In the tutorial you have learned about features of language and music used in comparative research, and about variation across languages and musics. By studying some specific examples, you have seen that both languages and musical traditions are transmitted culturally, and are subject to a process of cultural evolution. In this final section of the computer lab, you will use the methods that we saw for phylogenetic tree reconstruction in the previous sections to reconstruct the cultural evolutionary history of languages.

You will need the file language_data.Rdata from the lab-evolution-reconstruction folder, and you will also need to have the packages ape and phangorn installed.
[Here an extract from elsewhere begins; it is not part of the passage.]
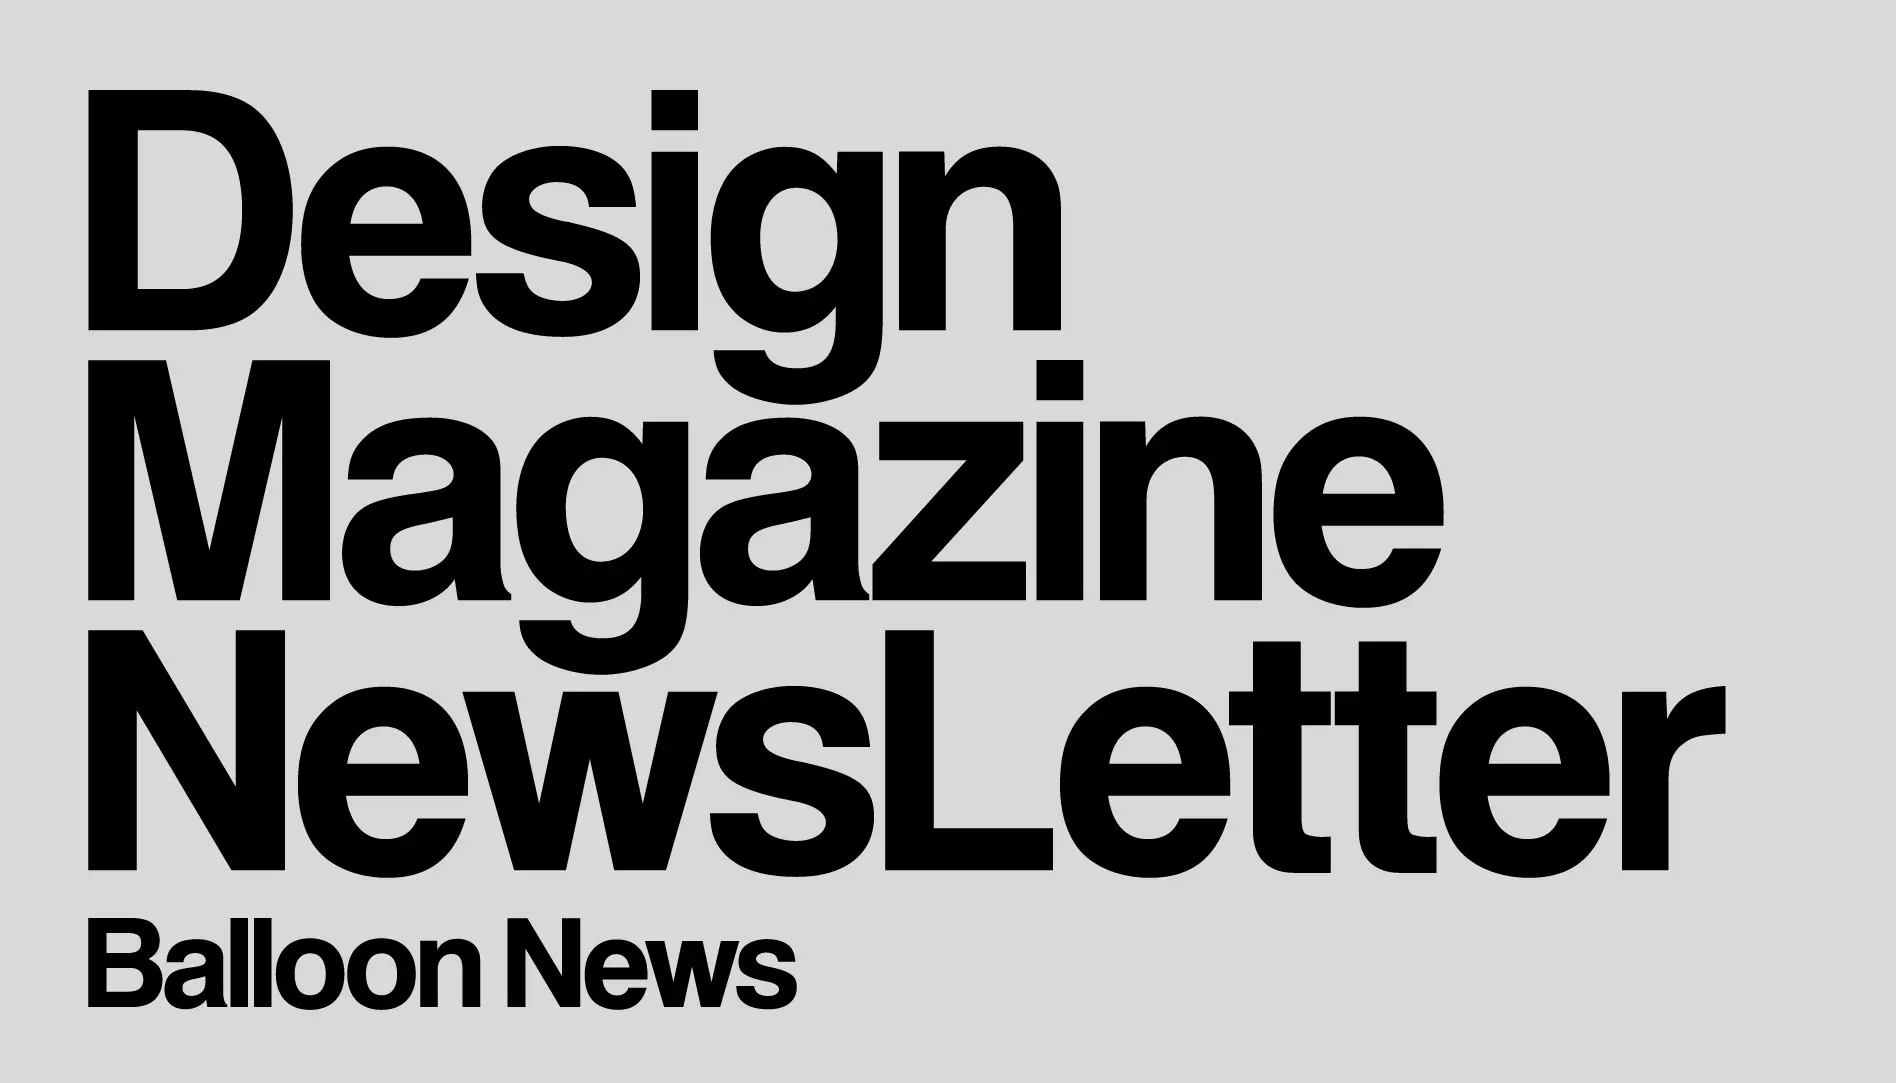 Newsletter cover design

Open the provided file answers_phylogeny_language.R in the script editor (click File > Open File… in RStudio). Add all the code in this section to your Script. We preprocessed the dataset for you so it can be loaded into R. To do this, type the following:

load('language_data.Rdata')

This will create an object called mydata containing the dataset. You can check the languages in the data by typing names(mydata) in the Console. Load the packages ape and phangorn using:

library(ape)
library(phangorn)
  • Choose a subset of the list of languages. We will initially build a phylogenetic tree of this subset. Define your subset with the subset function. For instance, if you want to select language 40, 41, 42, 58 and 60 you type:
mysubset <- subset(mydata, c(40:42,58,60))

Create a distance matrix of your subset, by letting the computer count the number of feature values that differ between two languages (“hamming distance”):

distance_matrix <- dist.hamming(mysubset)
  • Pick your favourite clustering algorithm and method and generate a tree, for instance:
tree <- upgma(distance_matrix, method='ward.D')
  • Plot your tree:
plot(tree, use.edge.length=FALSE, cex=2)
  • Do the same thing for the entire dataset (you might want to adapt the cex parameter, that sets the fontsize of the plot). Be aware of the influence the clustering algorithm and method for computing the distances between clusters can have.
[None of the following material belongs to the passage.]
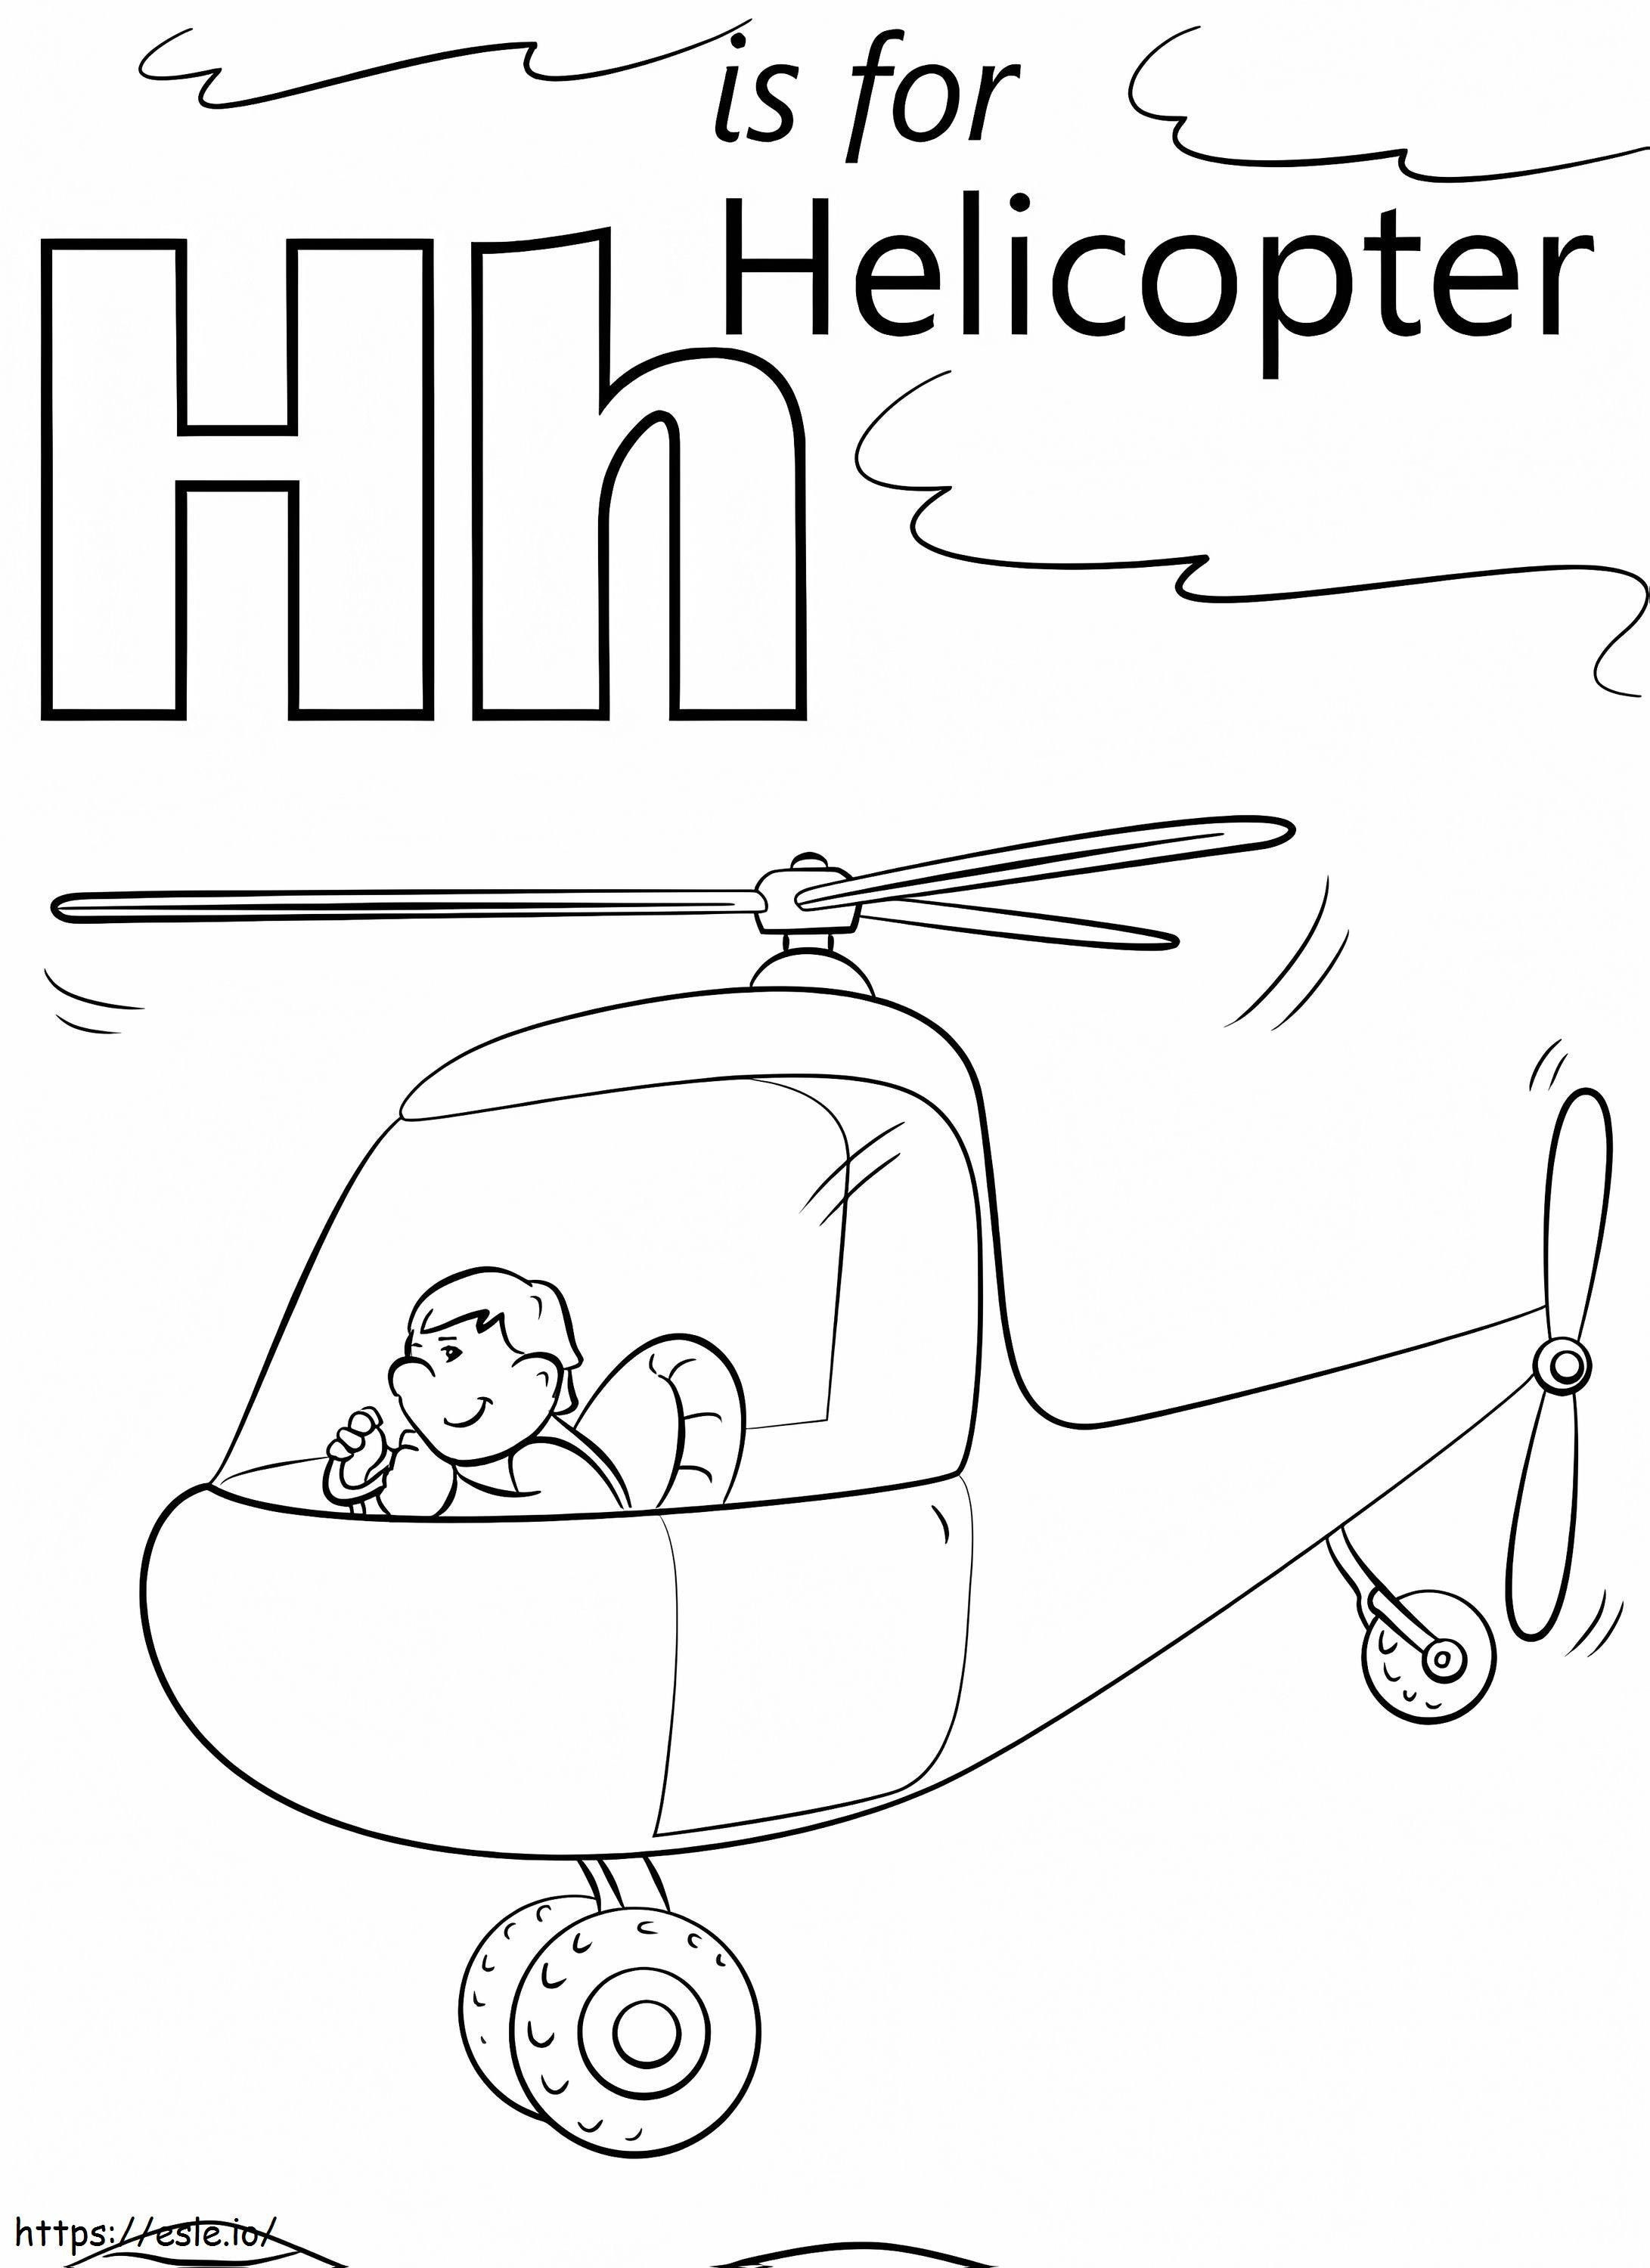 Hubschrauber-Buchstabe H ausmalbilder

  • What are the nine main language families you can distinguish within the Indo-European family, and in which regions of the world are they spoken (before colonial times)?
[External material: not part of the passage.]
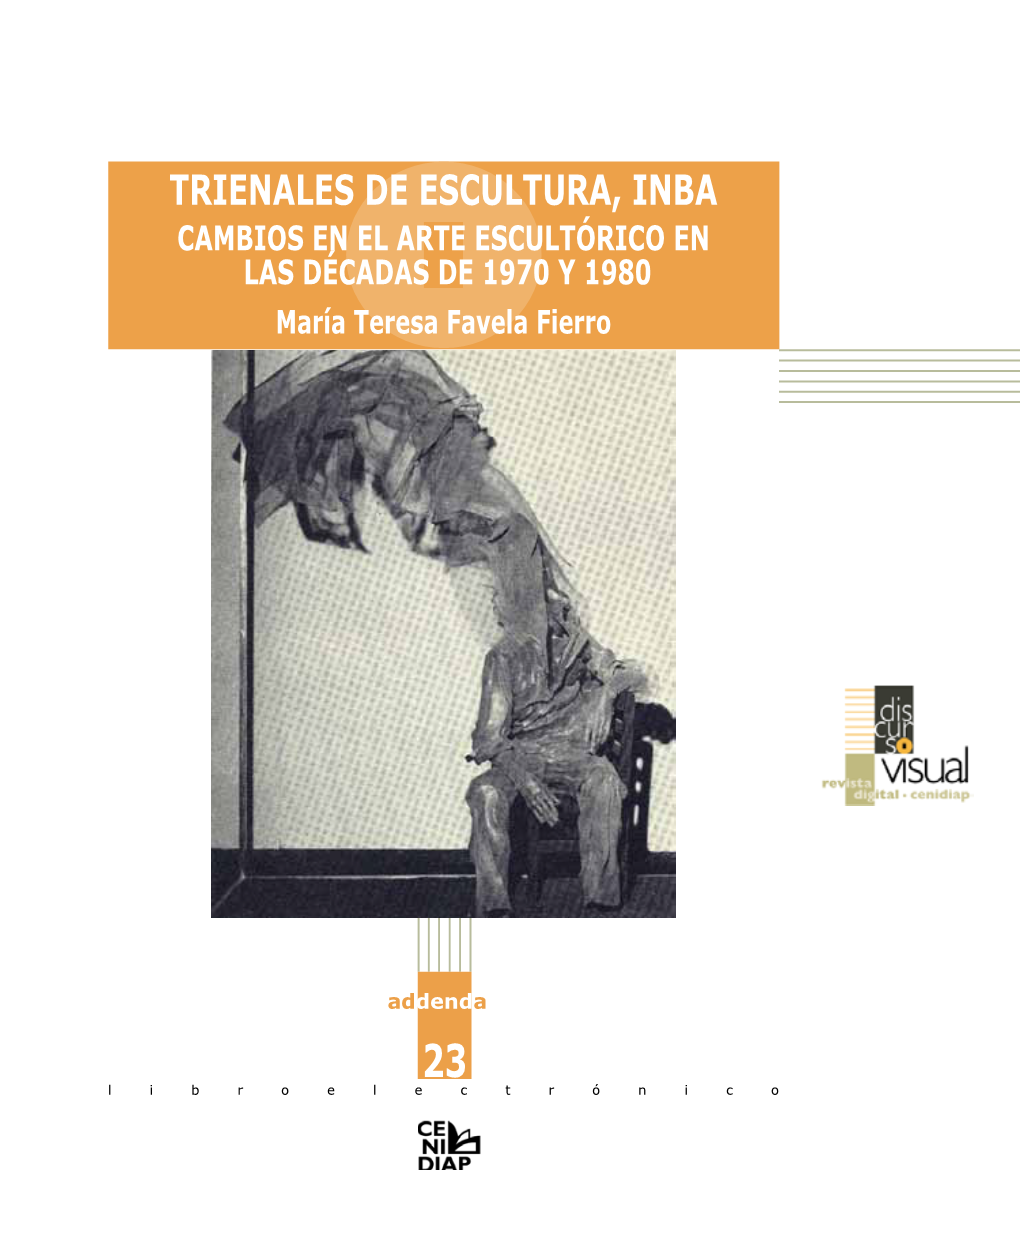 Trienales De Escultura, INBA Cambios En El Arte Escultórico EN Las Décadas De 1970 Y 1980 María Teresa Favela Fierro

  1. The command matrix(x, height, width) command transforms a vector x into a matrix with height height and width width

  2. x[i,] accesses the ith row of the matrix x, which in our case thus corresponds with the ith member of our population 

  3. We first draw 100 random numbers between 1 and 100 (repetitions possible). If population member 2 has a very high fitness, it will have a very high chance of being drawn. Then we use the drawn numbers to create a new population of the members corresponding to the numbers. 

  4. An algorithm is a description of a series of steps to do arrive at a certain end result or perform a calculation. Algorithms can for example be implemented by a computer program.